(DATA EXTRACT)

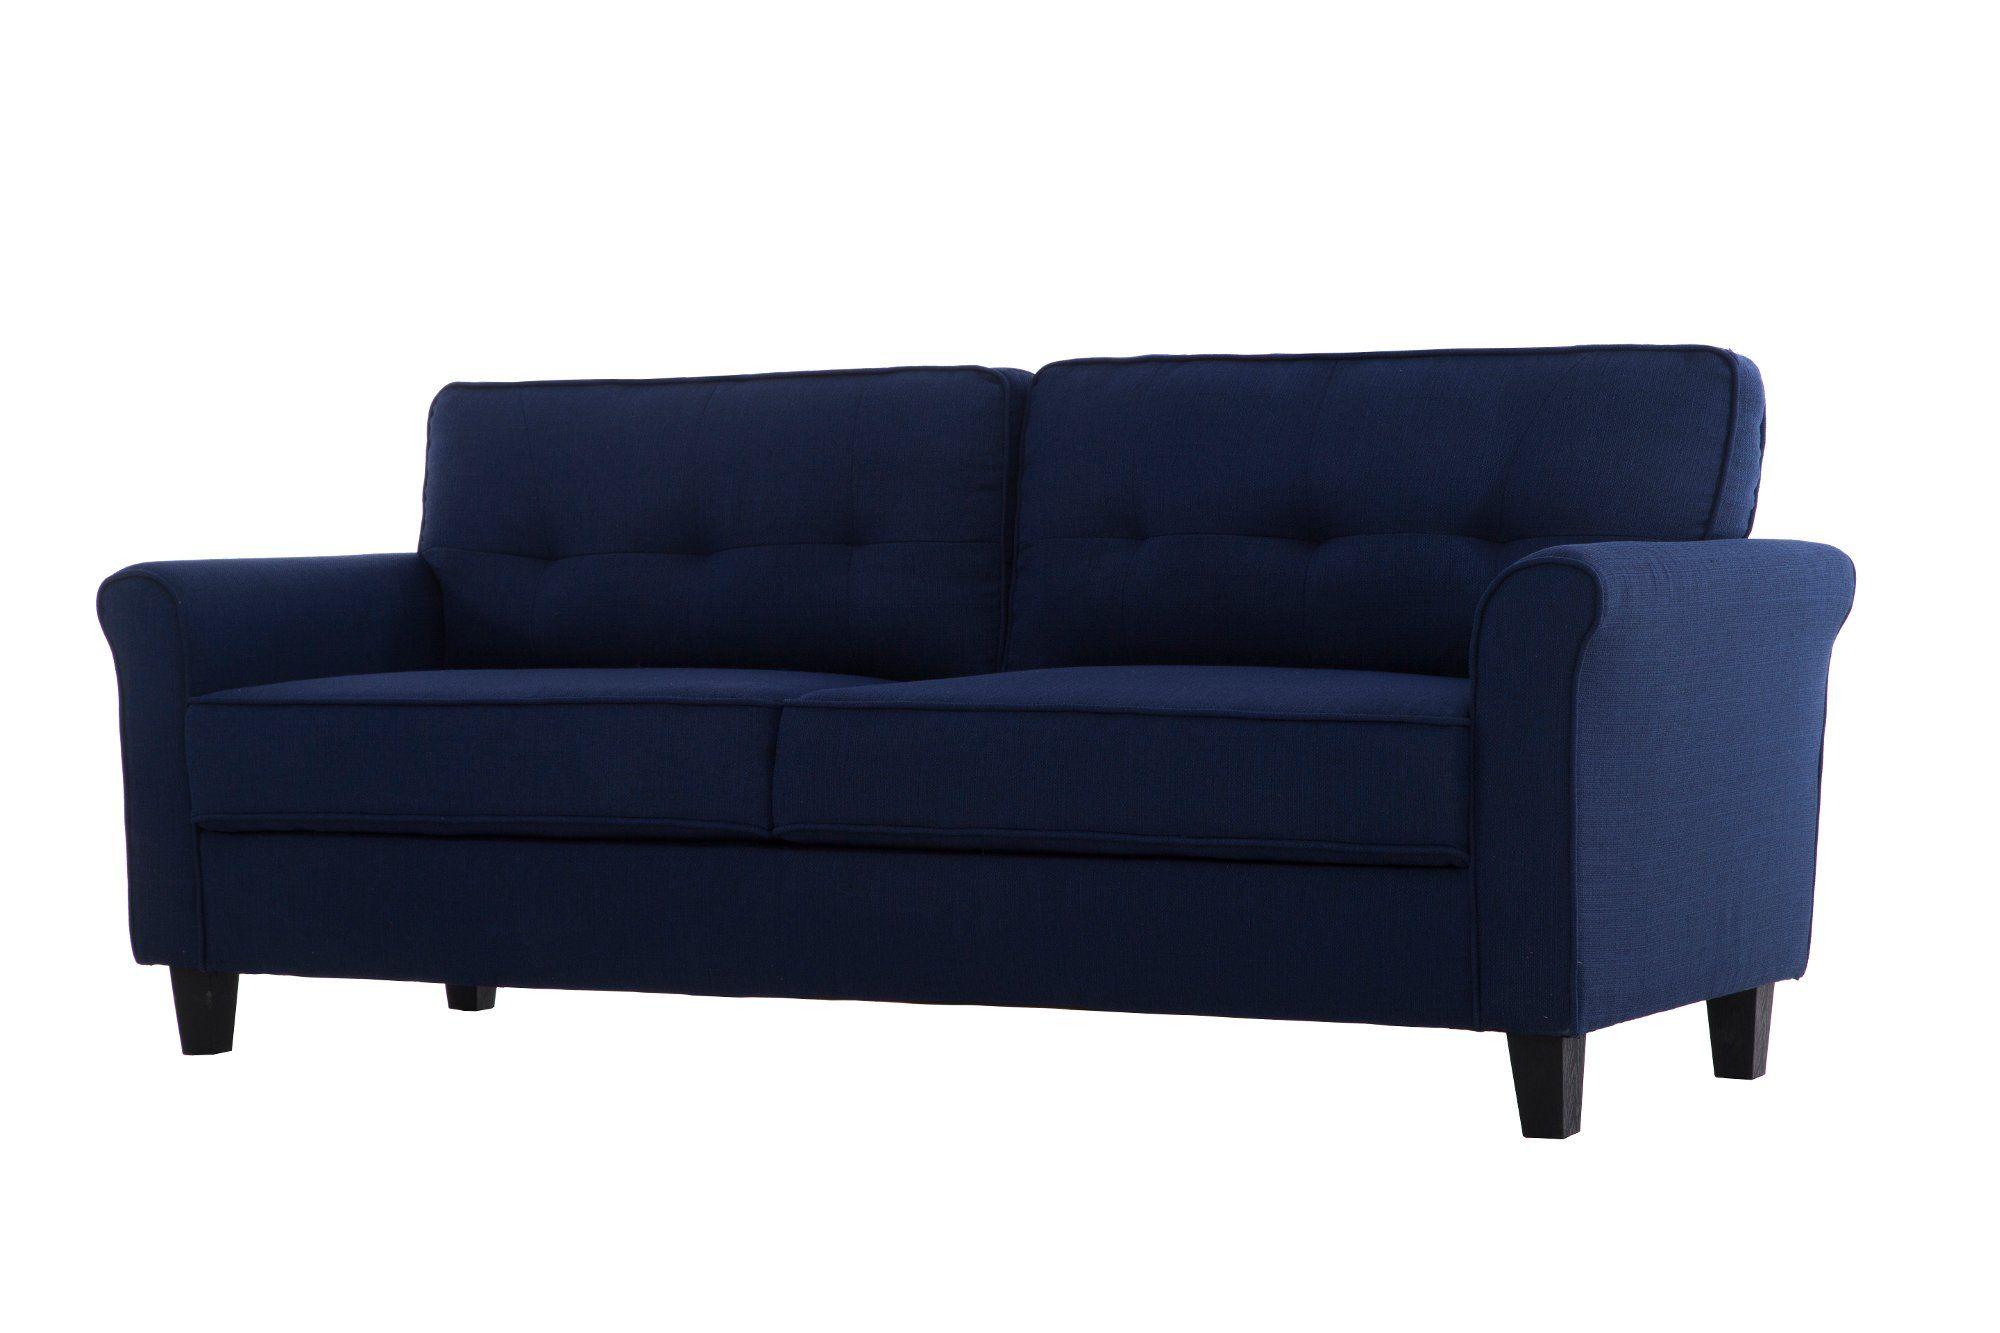 Classic Contemporary Navy Blue Loveseat Hanson Love Seat Blue
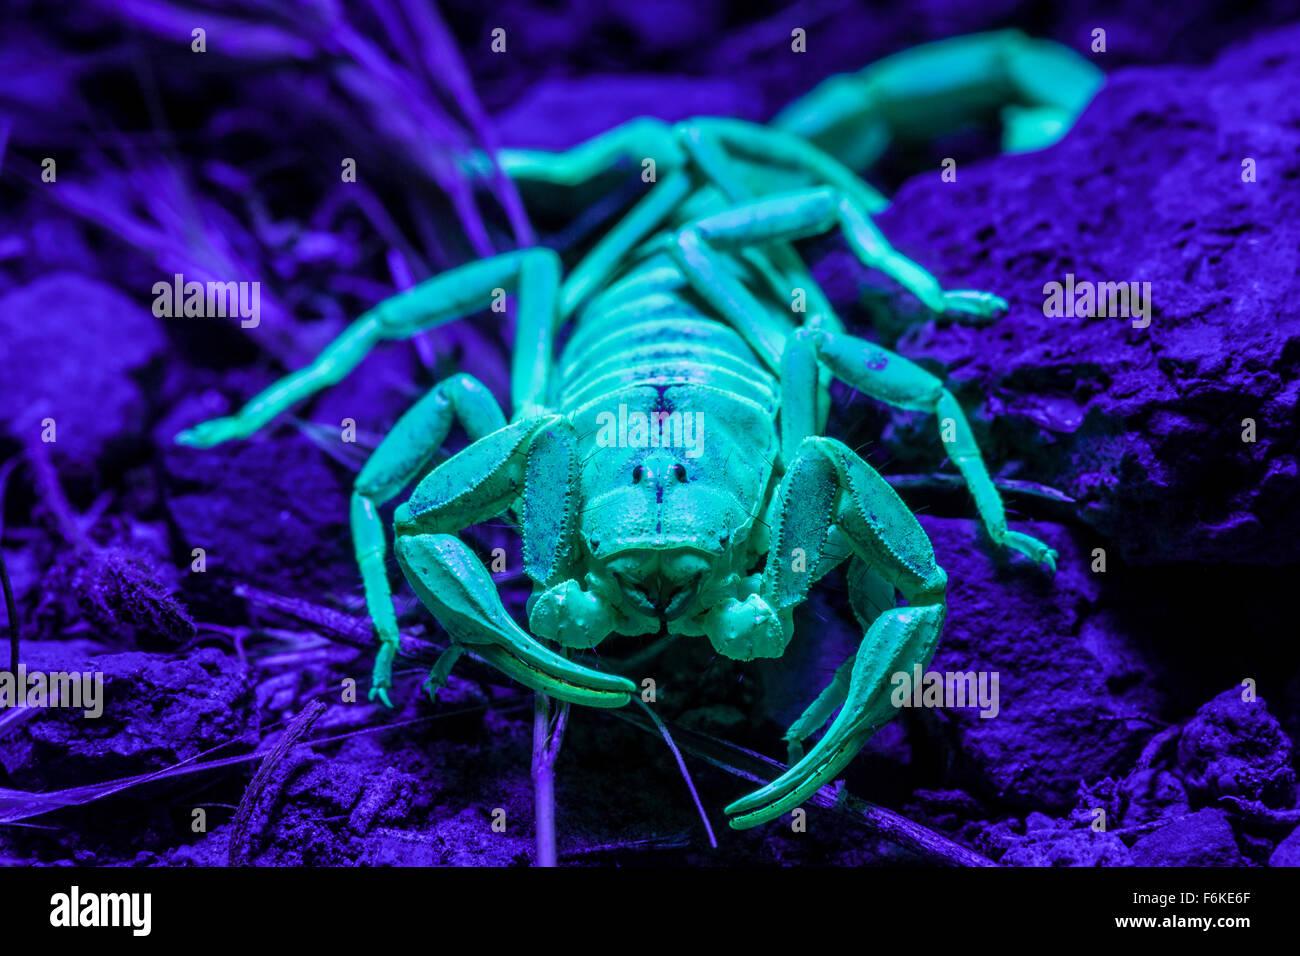 Desert hairy scorpion (Hadrurus spadix) in eastern Oregon, USA, fluorescing under ultraviolet light. - Stock Image
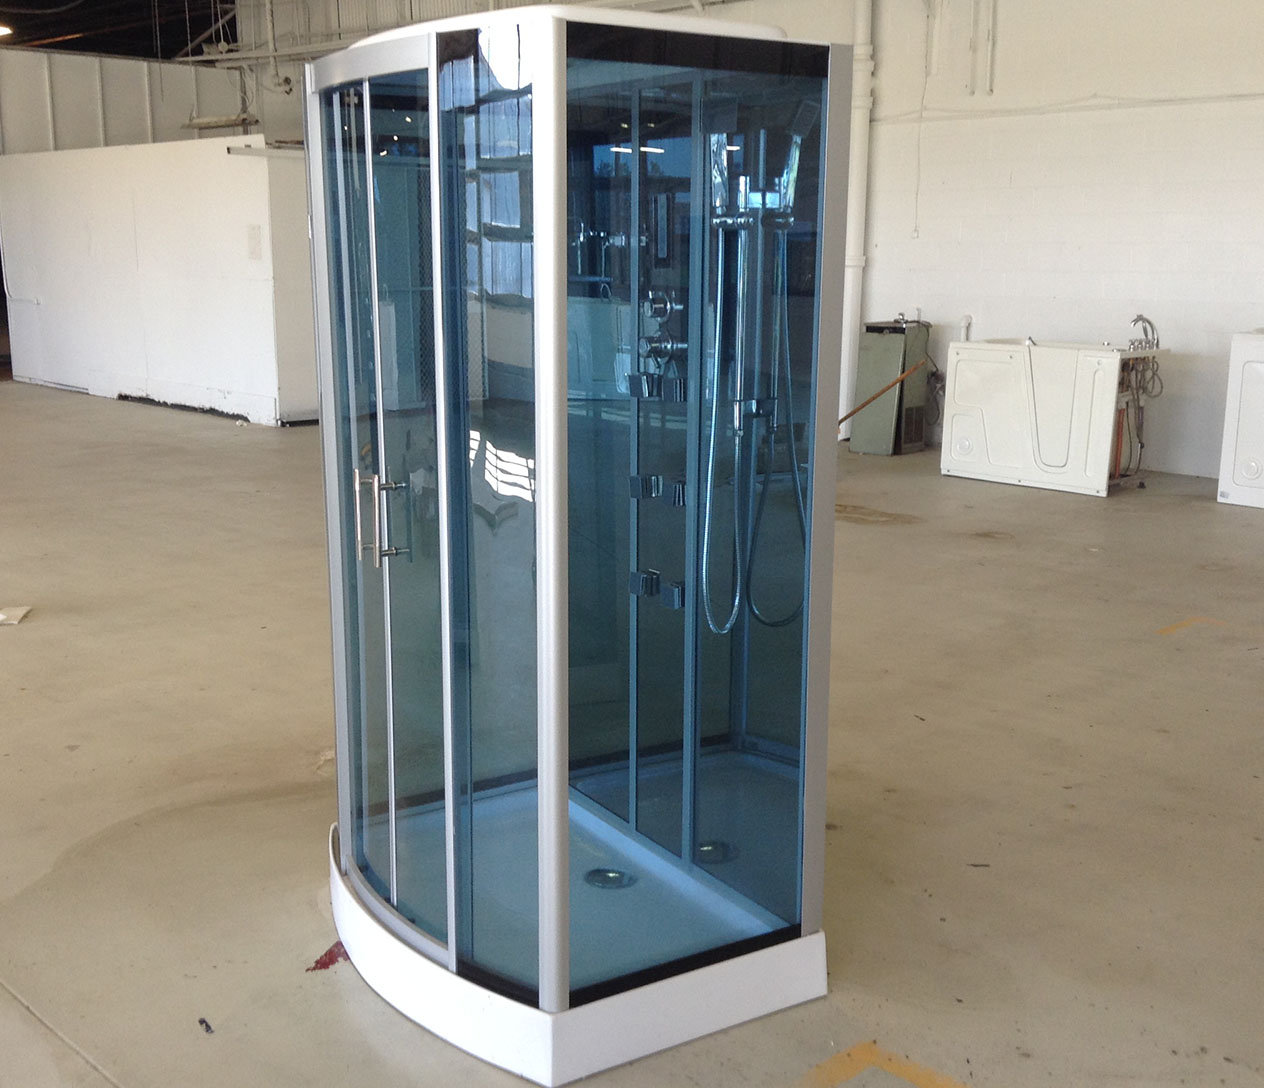 H-35 Hydro Shower - Luxury Spas, Inc.

(End DATA EXTRACT)

▶ YOUR GOAL
With the pictures removed, set down every line of the listing above exactly.

▶ EXERCISE ANSWER
 Classic Contemporary Navy Blue Loveseat Hanson Love Seat Blue
 Desert hairy scorpion (Hadrurus spadix) in eastern Oregon, USA, fluorescing under ultraviolet light. - Stock Image
 H-35 Hydro Shower - Luxury Spas, Inc.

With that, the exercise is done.